As the one who designed this scenario I think I can shed a little light on some of the questions here.
Fist I gotta say, hats off to Il Duce, you’re understanding of the trade system and it’s nuances is quite impressive, you’ve given me some ideas of things to try in my next game!
Second: Diplomacy. If you’re going to look at diplomacy, in particular with the WWIII or European Wars scenarios, you need to be playing at
normal difficulty . When playing on hard or very hard there is an automatic penalty to dip/civ values at the beginning of the scenario. There is no way to balance the scenario to get the right diplomatic settings at very hard for all regions since this penalty is only applied to human players.
I tried the scenario playing from France and was able to get an embassy treaty from Japan and Russia on the first day (cost me a token 100M). At normal difficulty, most regions have a few ppl who hate them and a couple that are ready for almost any deal. Playing at normal you can see the full potential of the diplomatic system.
radiatek wrote:
…AI seems not to take in account i'm offering him 10 variants of a low tech mech infantry…
Notes have already been made about this and will function better in the design for Supreme Ruler 2020 but this is always a tough one to get around since there are so many things to compare and weigh against each other.
radiatek wrote:
…i was wondering myself why France didnt have a SINGLE uranium mine built since we have some built irl…

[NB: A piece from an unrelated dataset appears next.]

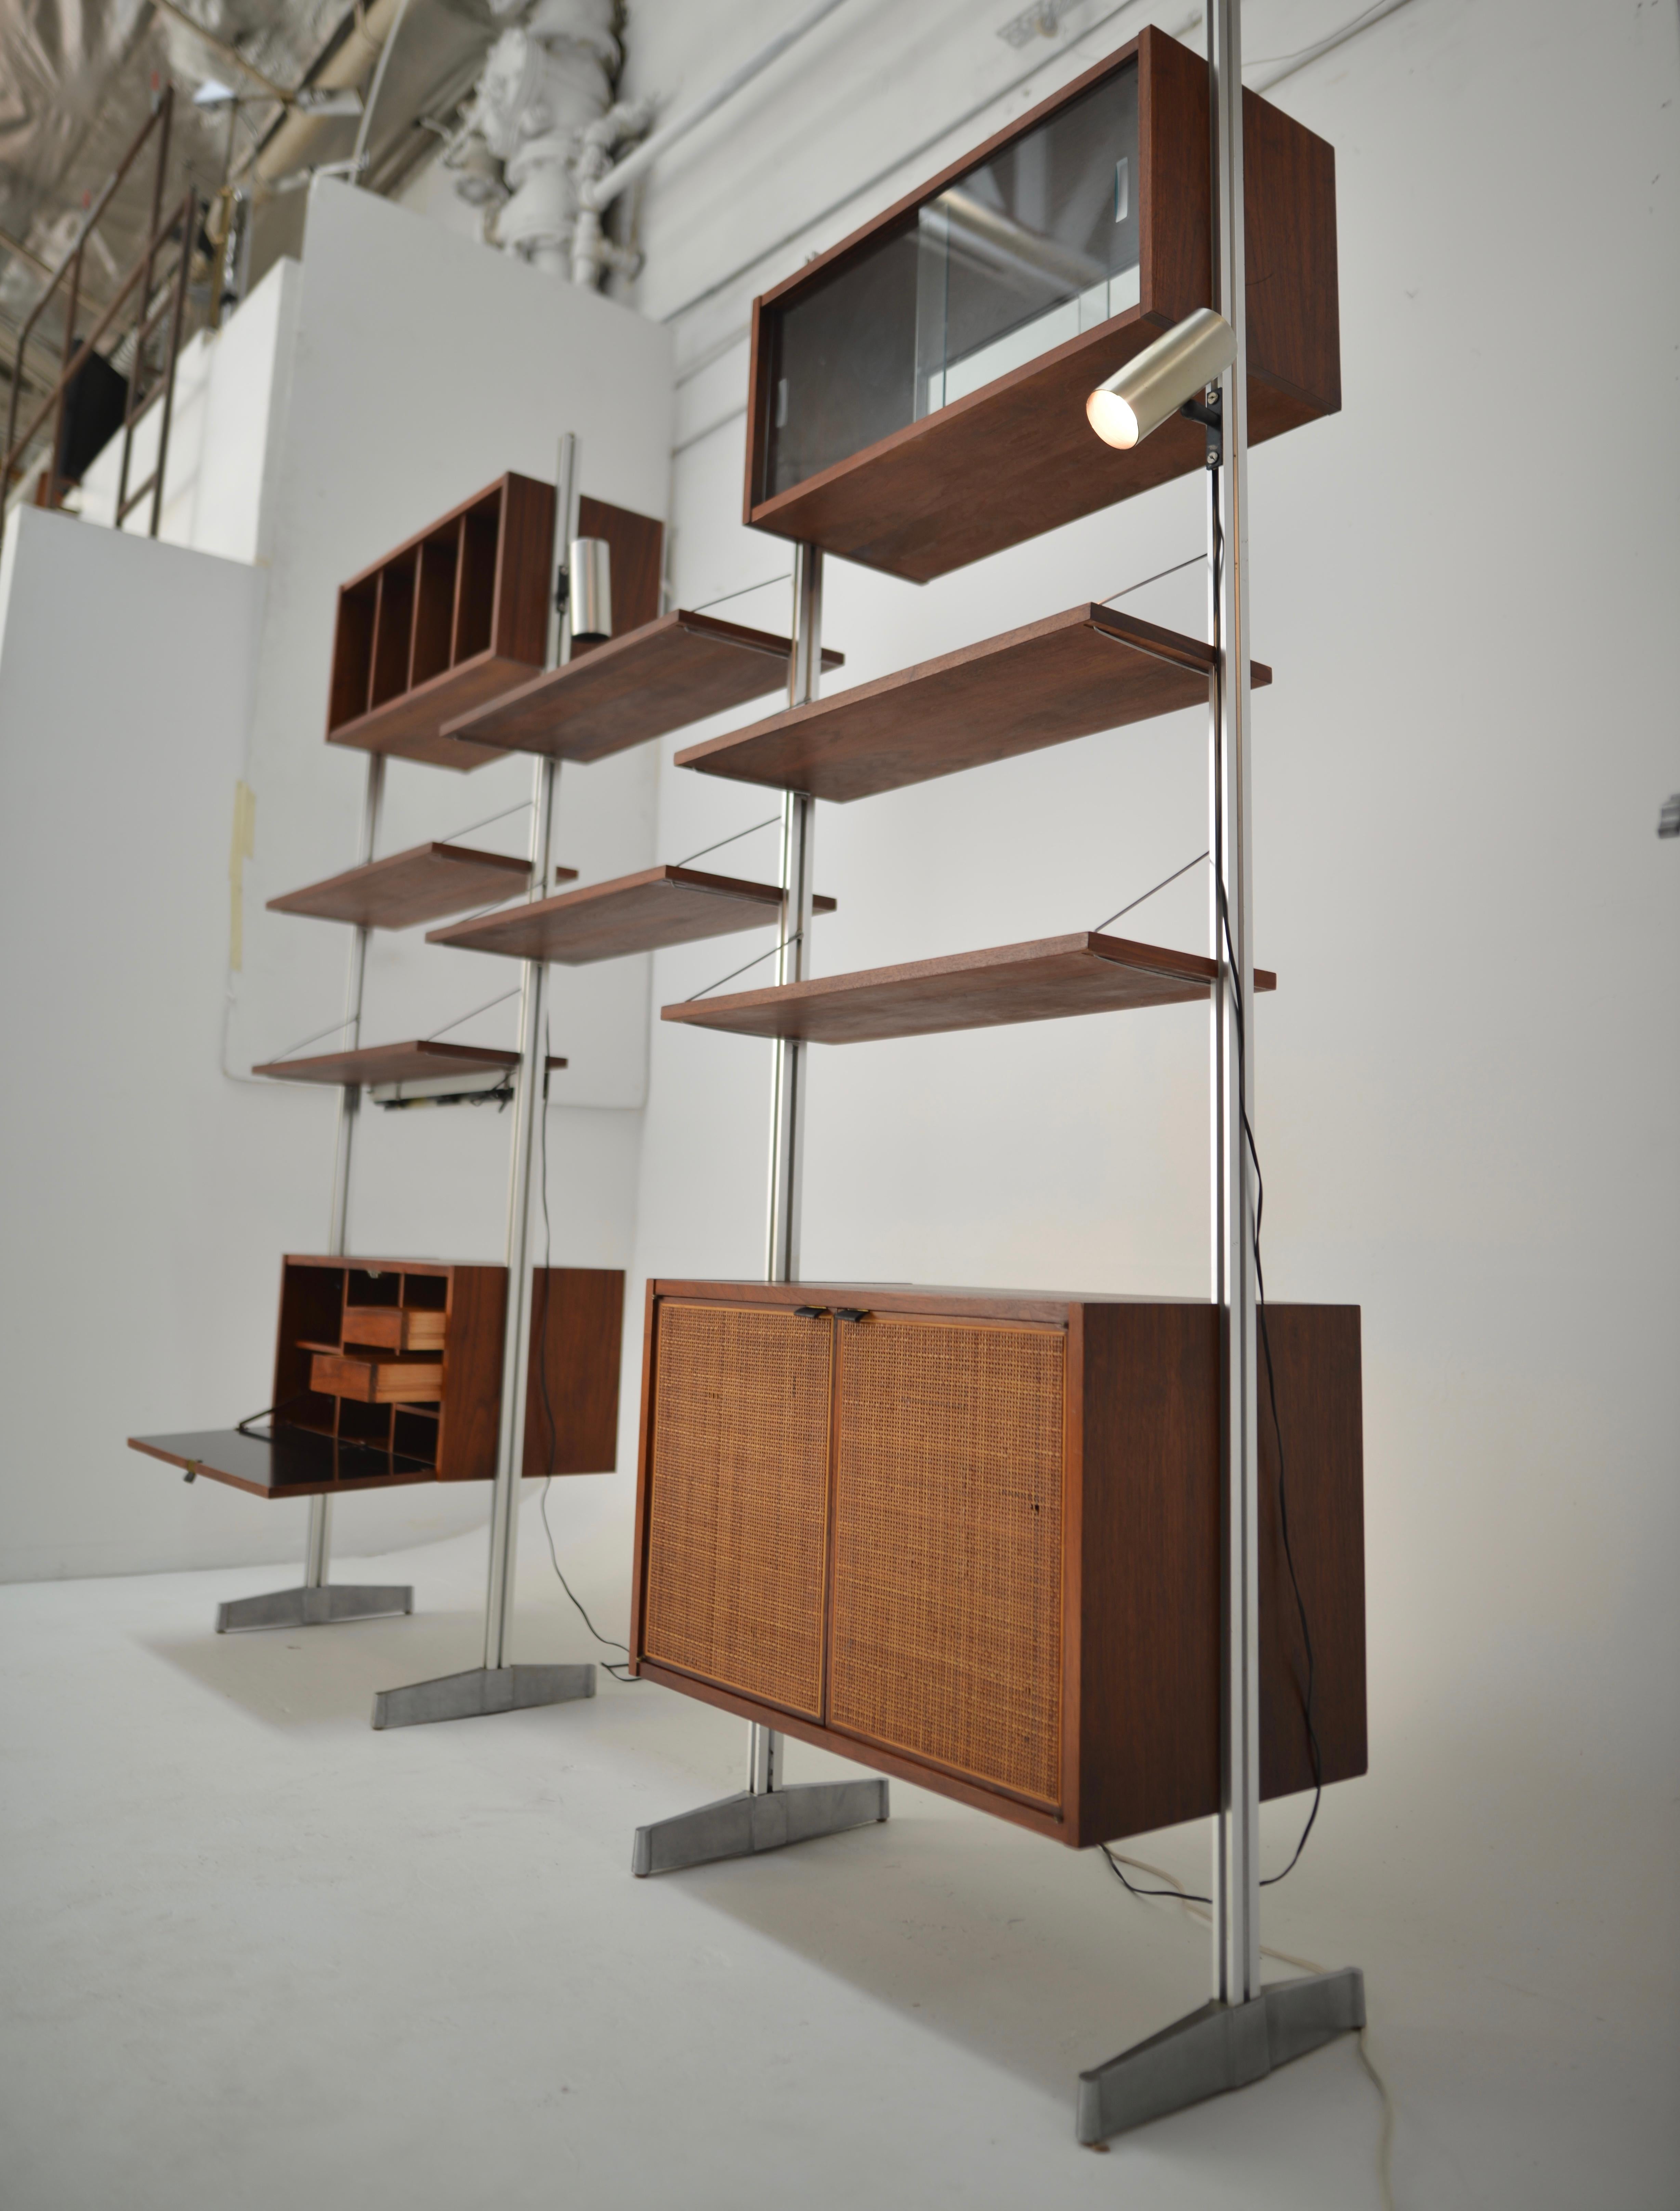 This is a stunning modern wall unit by Founders, a Division of Knoll International, by Milo Baughman.
Aluminium supports with walnut shelves, cabinets and drawers, with adjustable lights.

I actually designed the France map as well and IIRC my research showed that all but one of the Uranium mines was closed and the last one was going to be shut down. Since it was a number of years in the future we decided the player would have to rebuild them from scratch. It’s not like France is a big producer of Uranium;
http://www.uic.com.au/nip41.htmradiatek wrote:
…but i find really unrealistic that if you do nothing, diplo and civilian rating slowy goes down, reaching a point everyone hates you…
This is the same issue, this only happens when playing on Hard or Very Hard. Whether it is realistic or not, that was how George decided to make it Hard or Very Hard for the player.
radiatek wrote:
…So i wonder what i'm doing wrong (not giving money to the AI? ), or what's wrong with the diplo model of SR2010 wich has the potential to be very powerful, but truly useless imo, at least for WWIII scenario. …
I would certainly suggest that you try the game on normal. I know that it means the AI military will not be as challenging, but that is the only way to really see the true balance of the diplomatic model.
Il Duce wrote:
…Deriving benefits from alliances is a nice thought, but I would certainly expect my ally to turn their back on me at the most treacherous and costly moment...
One thing I’ve not heard anyone report back on yet is the fact that the AI will break alliances if they hate you enough and the WWIII scenario should have a high potential for this. If the US gets allied with Canada, Germany and UK, then UK declares war on Germany (giving US some Belli towards UK) followed by US DoW on UK, you should see Canada get upset about it and cancel their alliance with the US. Again, you’d really need to be on normal difficulty level to set this up right.
Thirdly: Mutual Defense. This treaty is somewhat odd in how it works both for the player and for the AI and gets very weird at Hard or Very Hard. If you have Mutual Defense with region A then B declares war on A, you will get more of a belli increase towards B then if you did not have the treaty. However, if B had a very high belli towards A, you might only see a 10% increase towards B without MD and 15% with the treaty. If you started at only 20% Belli towards B then at best you now have 35%. If you DoW on B you will see all the penalties that go with DoW with only a 35% Belli despite having MD with A. Normally this isn’t a big deal, either A did nasty things to B to make their belli so high and you know why you’re not getting involved or then A and B would have similar Bellis and so would you so when B attacks A you’d have enough Belli to attack. The AI uses Belli as the prime indicator for when to attack. If you get attacked by region B and have MD with A
and this causes A’s Belli to go from 40% to 80% then it is very likely that A will declare war on B. The problem becomes that at Very Hard there are artificial pressures on Belli, Dip and Civ values so that whenever B declares war on you they have such high Belli that A sees no change in their Belli towards B and therefore has no justification to attack (and they don’t want to take the penalties just to honor their treaty).
There has been much debate among the team about belli, what affects it and how it game difficulty should relate to it but for SR2010, that is how the system works.